Catechin and purine alkaloids were determined by HPLC under the following conditions: C18 column; Diode Array Detector (DAD); column temperature: 35 °C, injection volume: 10 μL; mobile phase A was methanol; B was 0.1% trifluoroacetic acid solution; flow rate: 1 mL/min; detection wavelength: 278 nm: elution gradient: 0~2 min, 2%A; 2~8 min, 8%A; 8~30 min, 10%A; 30~35 min, 20%A; 35~45 min, 25%A; 45~55 min, 30%A; 55~60 min, 35%A.

The calculation formula is as follows:

$$\mathrm{polyphenols} (\mathrm{mg}/\mathrm{g})={\displaystyle \frac{\mathrm{A}\times \mathrm{V}1\times \mathrm{d}}{\mathrm{SLOPE}\times \mathrm{m}\times {\mathrm{w}\times 10}^6}}\times 1000$$

$$\mathrm{Flavones} (\mathrm{mg}/\mathrm{g})={\displaystyle \frac{\mathrm{A}\times 320}{1000}}\times {\displaystyle \frac{\mathrm{V}1}{\mathrm{V}2\times \mathrm{m}}}$$

$$\mathrm{total} \mathrm{free} \mathrm{amino} \mathrm{acids} (\mathrm{mg}/\mathrm{g})={\displaystyle \frac{\frac{\mathrm{c}}{1000}\times \frac{\mathrm{V}1}{\mathrm{V}2}}{\mathrm{m}\times \mathrm{w}}}\times 100$$

$$\mathrm{theaflavins} (\mathrm{mg}/\mathrm{g})={\displaystyle \frac{{\mathrm{A}}_{\mathrm{C}}\times 2.25}{\mathrm{m}\times \mathrm{w}}}\times 1000$$

$$\mathrm{thearubigins} (\mathrm{mg}/\mathrm{g})={\displaystyle \frac{7.06\times (2{\mathrm{A}}_{\mathrm{D}}+2{\mathrm{A}}_{\mathrm{A}}-{\mathrm{A}}_{\mathrm{C}}-2{\mathrm{A}}_{\mathrm{B}})}{\mathrm{m}\times \mathrm{w}}}\times 1000$$

$$\mathrm{theabrownins} (\mathrm{mg}/\mathrm{g})={\displaystyle \frac{7.06\times 2{\mathrm{A}}_{\mathrm{B}}}{\mathrm{m}\times \mathrm{w}}}\times 1000$$

$$\mathrm{soluble} \mathrm{sugar} (\mathrm{mg}/\mathrm{g})={\displaystyle \frac{\frac{\mathrm{c}}{1000}\times \mathrm{V}1}{\mathrm{m}\times \mathrm{w}}}\times 1000$$

$$\mathrm{catechin} (\mathrm{mg}/\mathrm{g})={\displaystyle \frac{\mathrm{c}\times \mathrm{V}1}{\mathrm{m}\times \mathrm{w}}}\times 1000$$

$$\mathrm{purine} \mathrm{alkaloids} (\mathrm{mg}/\mathrm{g})={\displaystyle \frac{\mathrm{c}\times \mathrm{V}1}{\mathrm{m}\times \mathrm{w}}}\times 1000$$

A: Absorbance of sample test solution;

V1: Total volume of sample (mL);

V2: Volume of measured liquid (mL);

m: Sample quality (g);

W: Dry weight (%);

C: Concentration calculated based on standard curve (ug/mL);

SLOPE: Slope of gallic acid standard curve.
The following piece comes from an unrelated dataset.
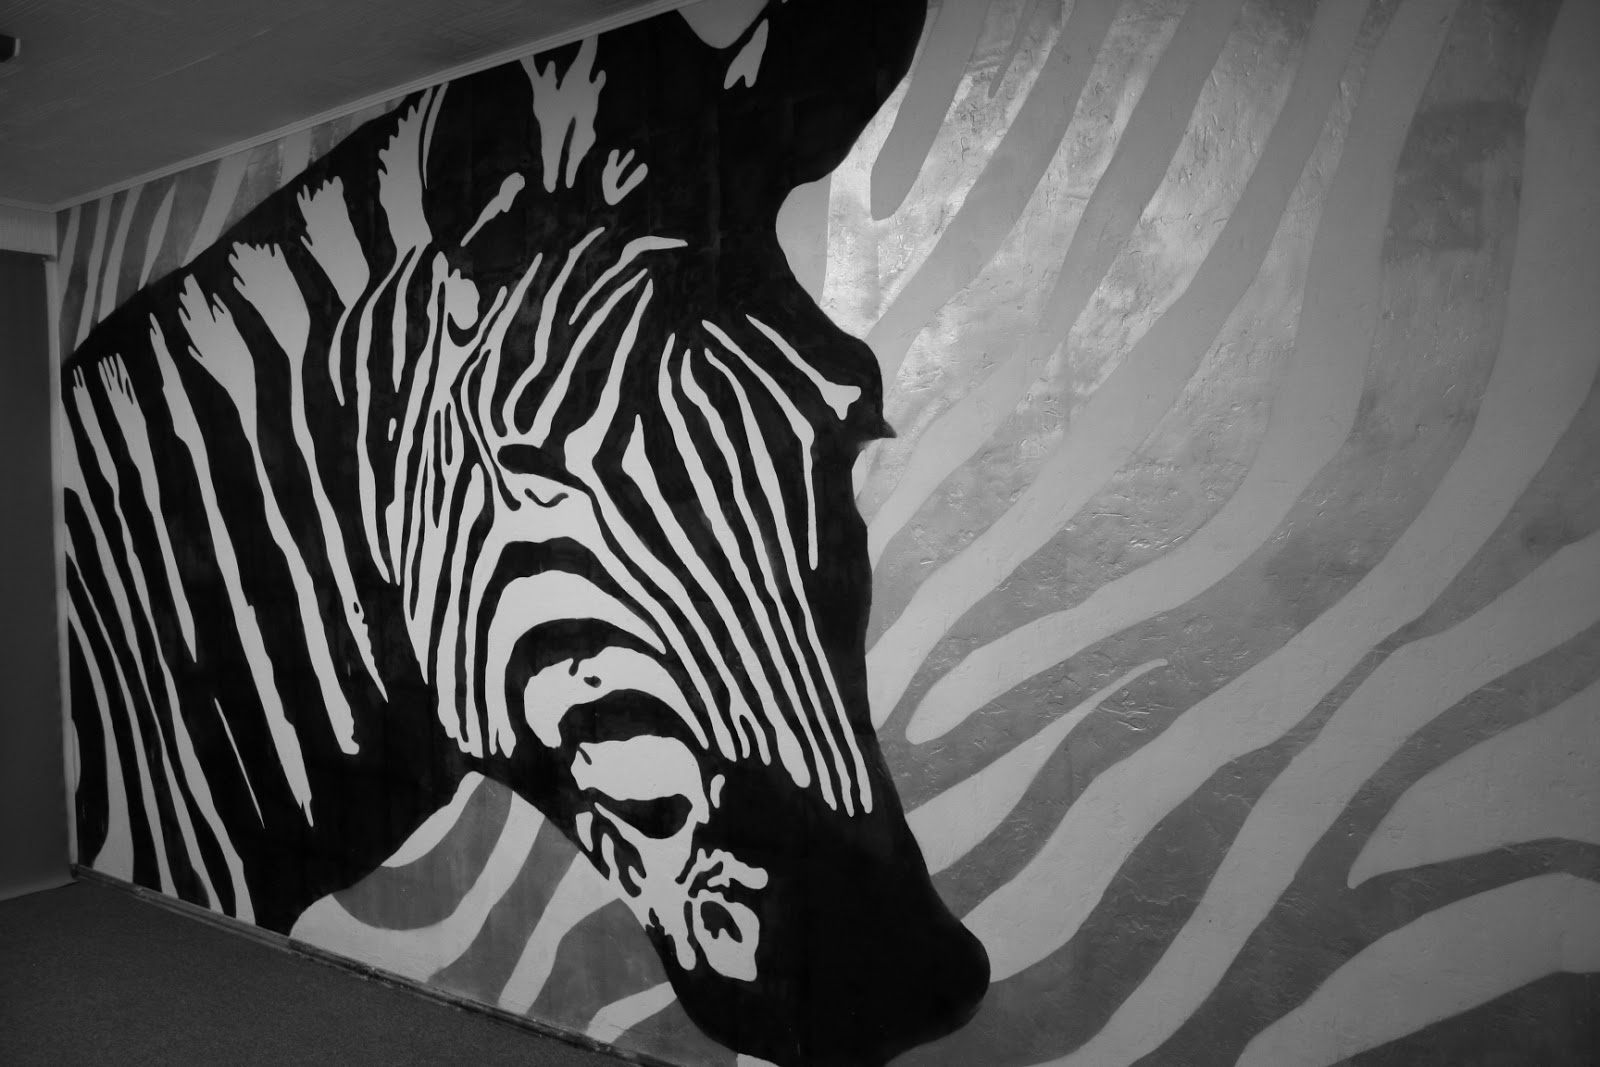 Рисунок зебры в интерьере

2.5. Determination of Volatile Substances

The determination was performed by GC-MS (Agilent Technologies Co., LTD., Santa Clara, CA, USA).
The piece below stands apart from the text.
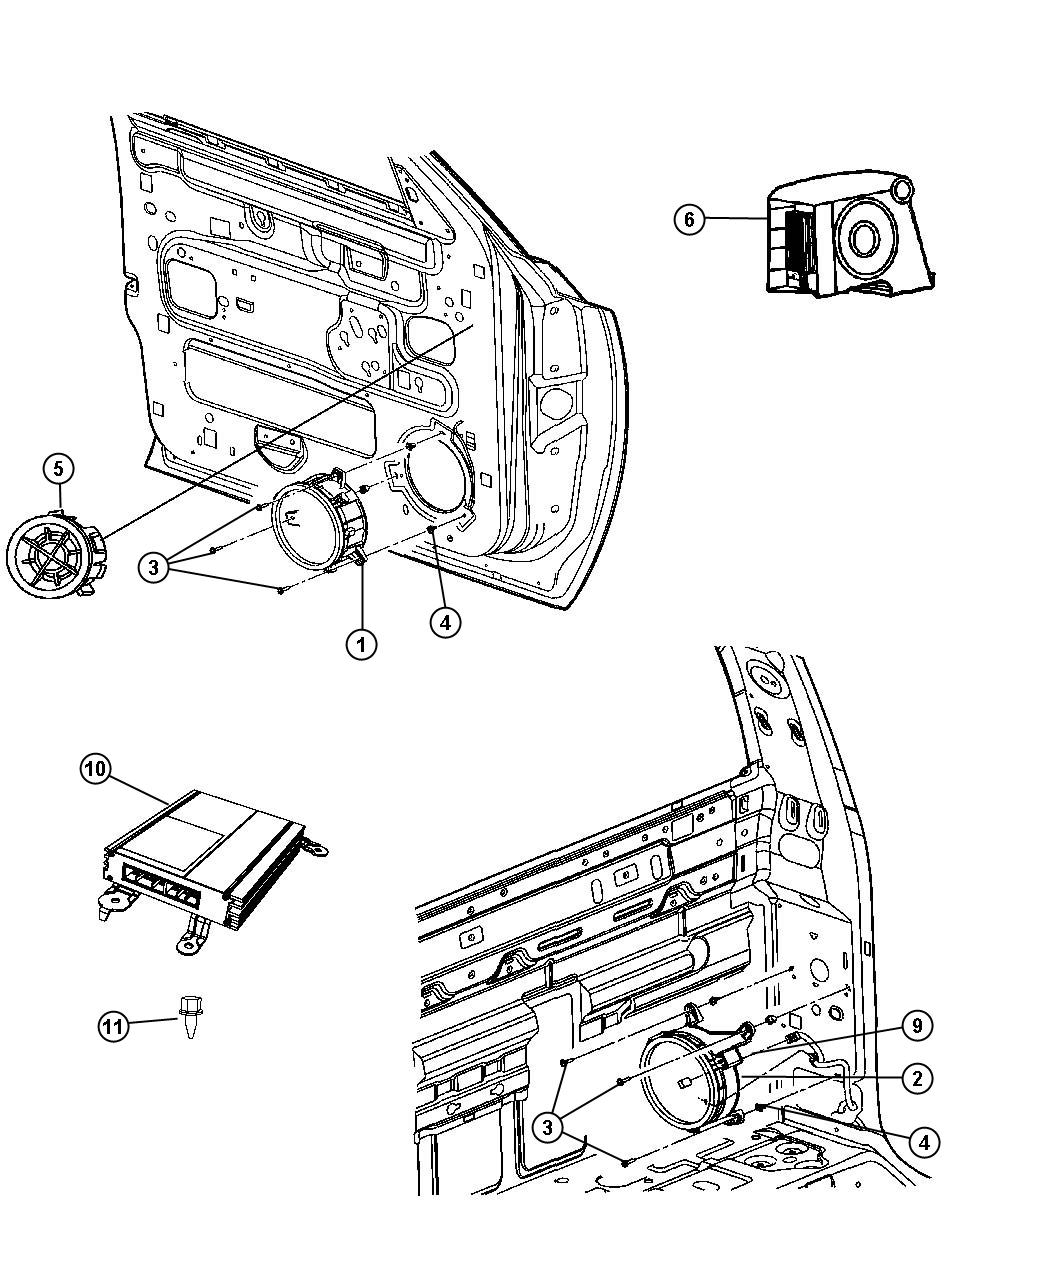 Dodge Dakota Slt Quad Cab 4 7l V8 M T 4x4 Speaker 6

Tea sample pretreatment: Volatile components of the tea sample were extracted by headspace solid-phase microextraction: 2 g of tea powder was weighed and transferred immediately to a 40 mL headspace vial, containing 2 mL NaCl saturated solution, and 20 μL 2-phenethyl acetate (5 mg/L) was added as an internal standard (IS). The vial was sealed with two layers of tin foil and preheated at 80 °C for 40 min. DVB/CAR/PDMS fiber (inner diameter: 50/30 μm; length: 2 cm) was inserted into the headspace bottle, and the fiber head was rotated to extract at 80 °C for 40 min. After extraction, the extracted fiber was put into the entrance of the gas chromatograph and analyzed at 250 °C for 3 min.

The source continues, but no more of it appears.